New Jersey workers’ compensation laws do not prevent a construction worker injured in a trench collapse from suing his employer, a state Appeals Court has ruled.
The lawsuit — which was originally dismissed by a lower, Superior Court — stems from a 2004 incident in Chatham and Madison that left Kenneth Van Dunk, an employee of excavation contractor James Construction Co., with serious injuries.
OSHA investigators found that the accident, in which a 20-foot-deep trench collapsed, was the result of a “willful violation” of federal safety regulations. Although work-related injuries are normally compensable through workers’ compensation insurance, Van Dunk and his wife sued James — as well as the project’s developer, Reckson Associates — on the legal theory that the accident constituted an “intentional wrong” and was therefore not precluded by workers’ compensation laws.
James Construction had been contracted to install a retention pond on the property — an endeavor that had been slowed by torrential downfalls during the excavation.

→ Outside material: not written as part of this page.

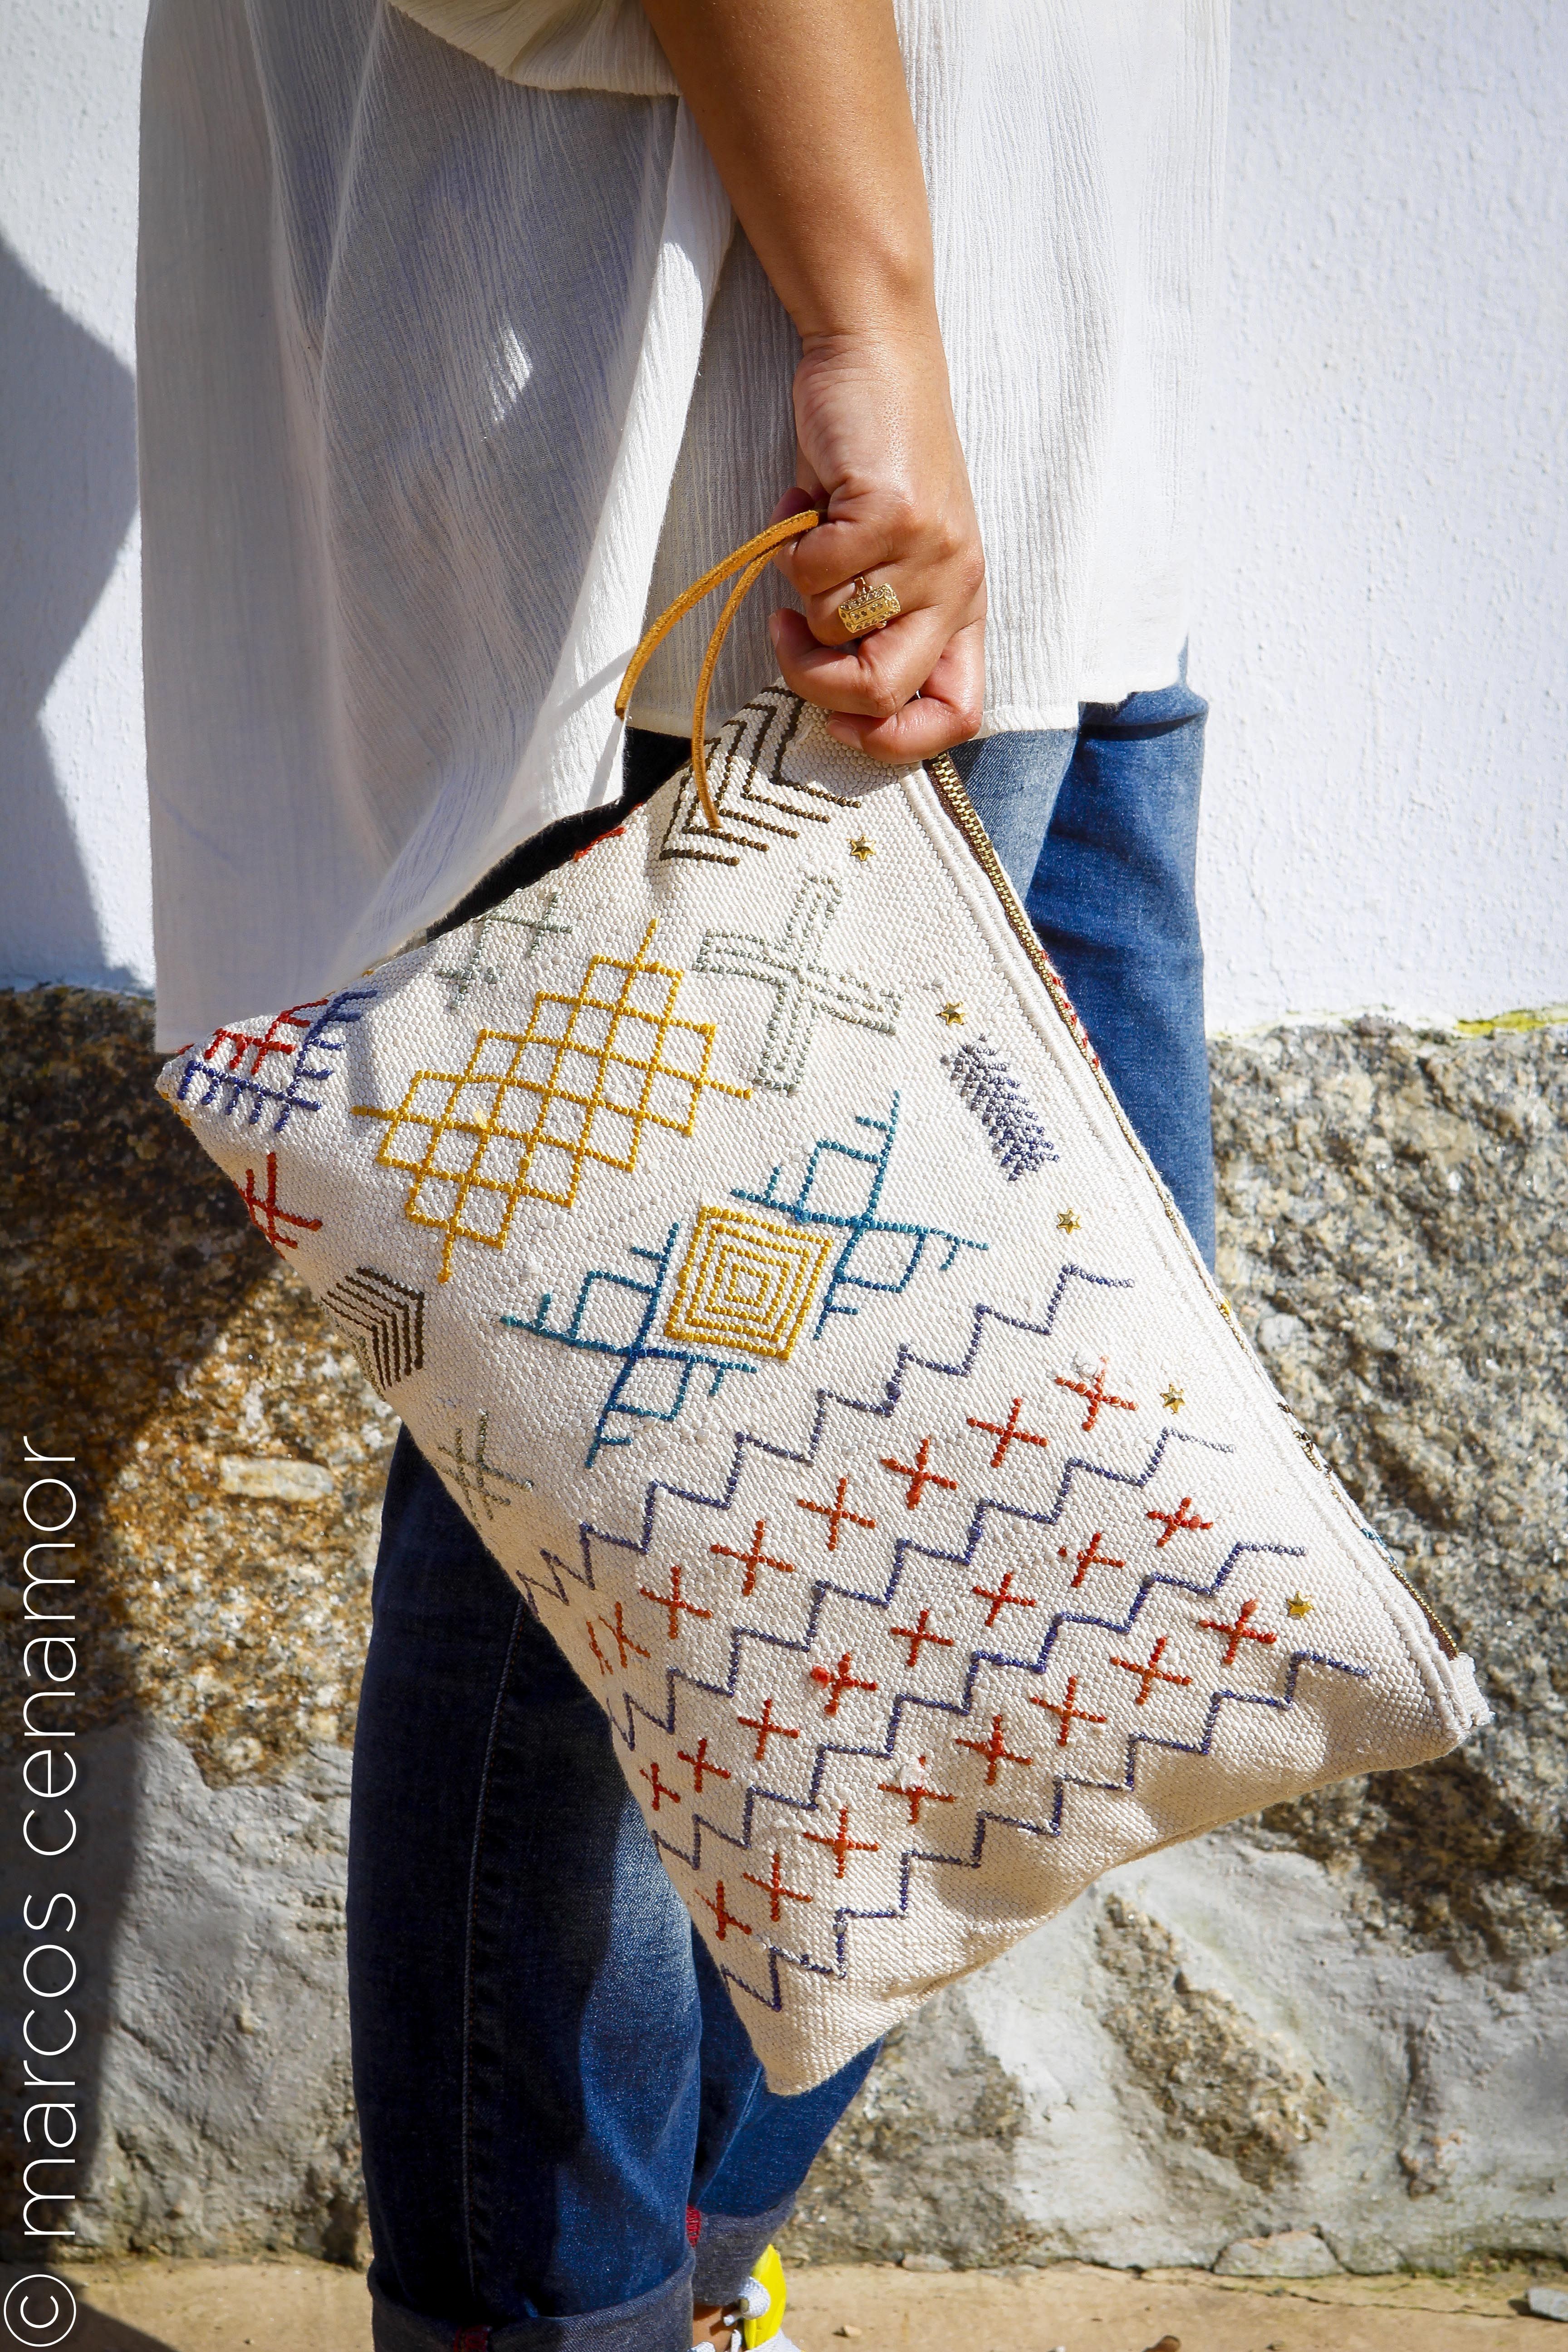 bolso elaborado de forma artesanal con tejido de tapiz bereber realizado a mano en marruecos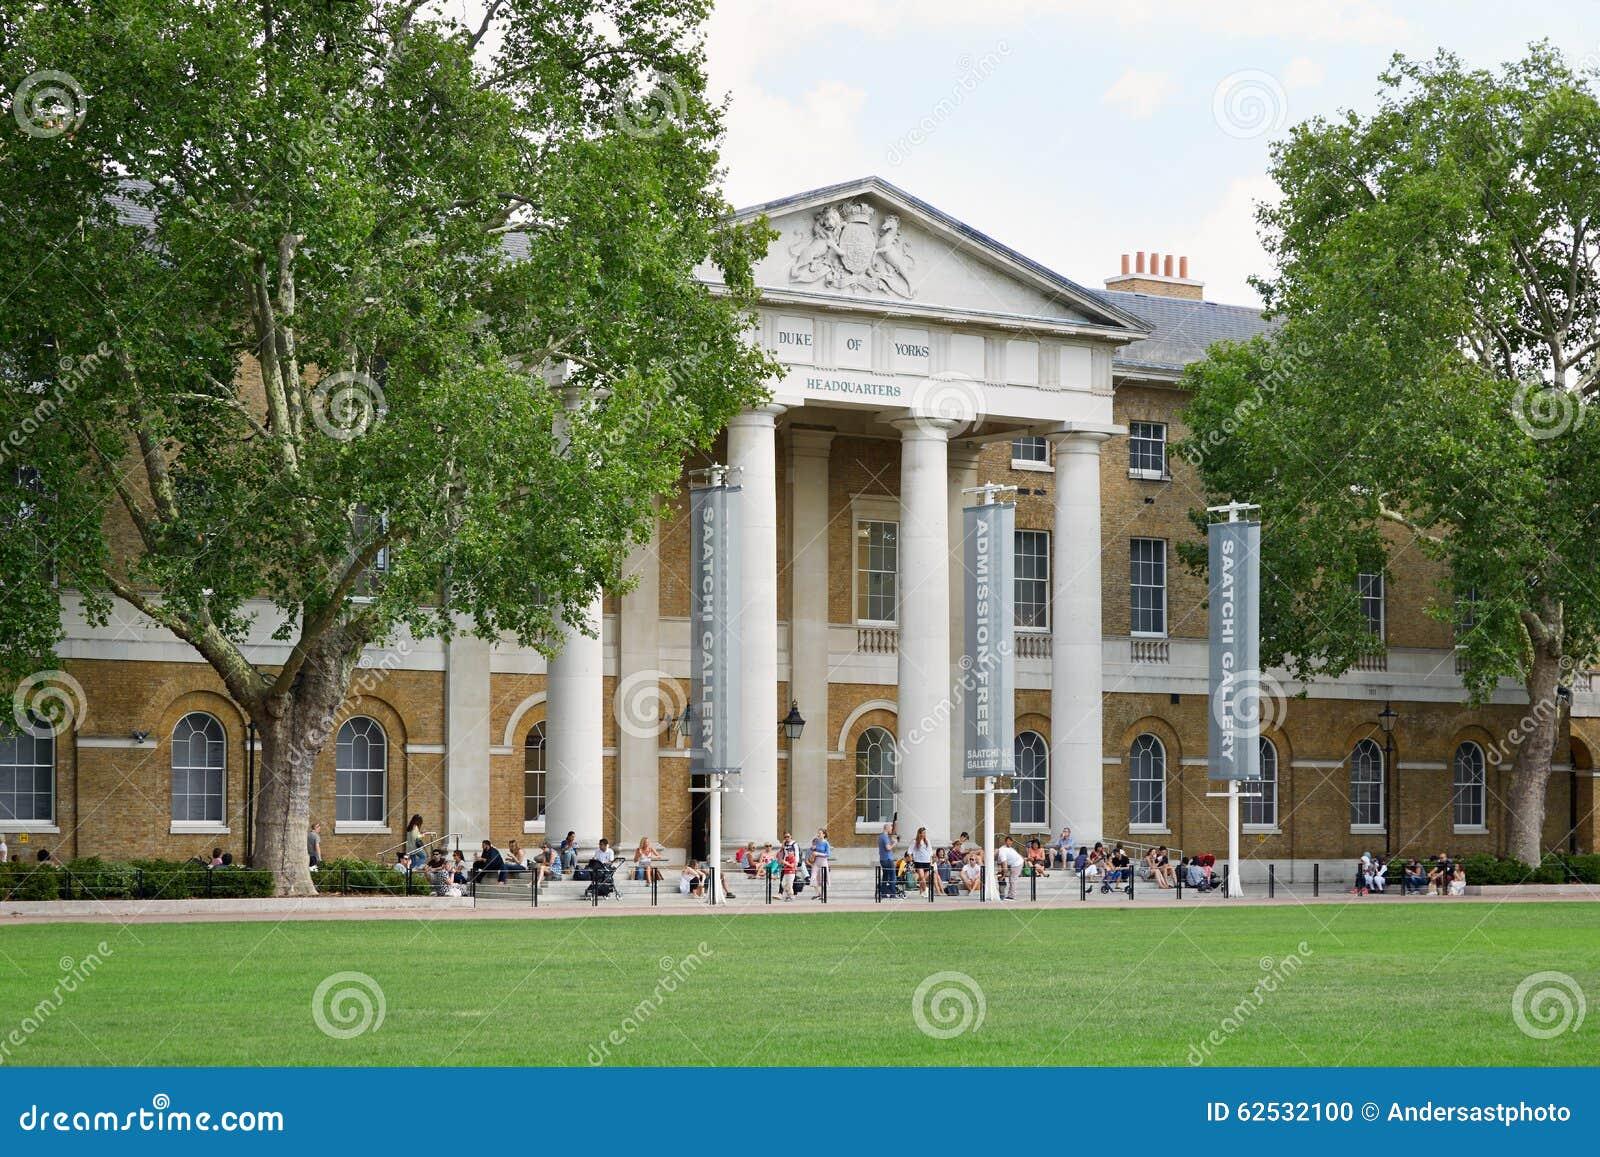 Saatchi画廊,著名美术画廊在伦敦

Van Dunk, a laborer with James, was one of six individuals tasked with installing fabric along the bottom of the trench. During the process, a supervisor ordered Dunk to enter the trench — a significant violation of safety regulations in this particular case — which soon caved in, burying Van Dunk to his chest.
Investigators faulted James and the supervisor for failing to use safety devices and procedures that could have avoided injuries from the collapsing trench.
A Superior Court originally dismissed Van Dunk’s legal arguments — essentially, that he could sue his employer — but the latest ruling by the Appeals Court overturns that dismissal.
“Although the motion judge is accurate in stating that construction sites have a dangerous nature, that does not excuse the failure to use safety devices to alleviate the dangers and risks which were clearly known in this case,” wrote Appellate Judge Edwin H. Stern in his ruling.
The case has been remanded to the lower court.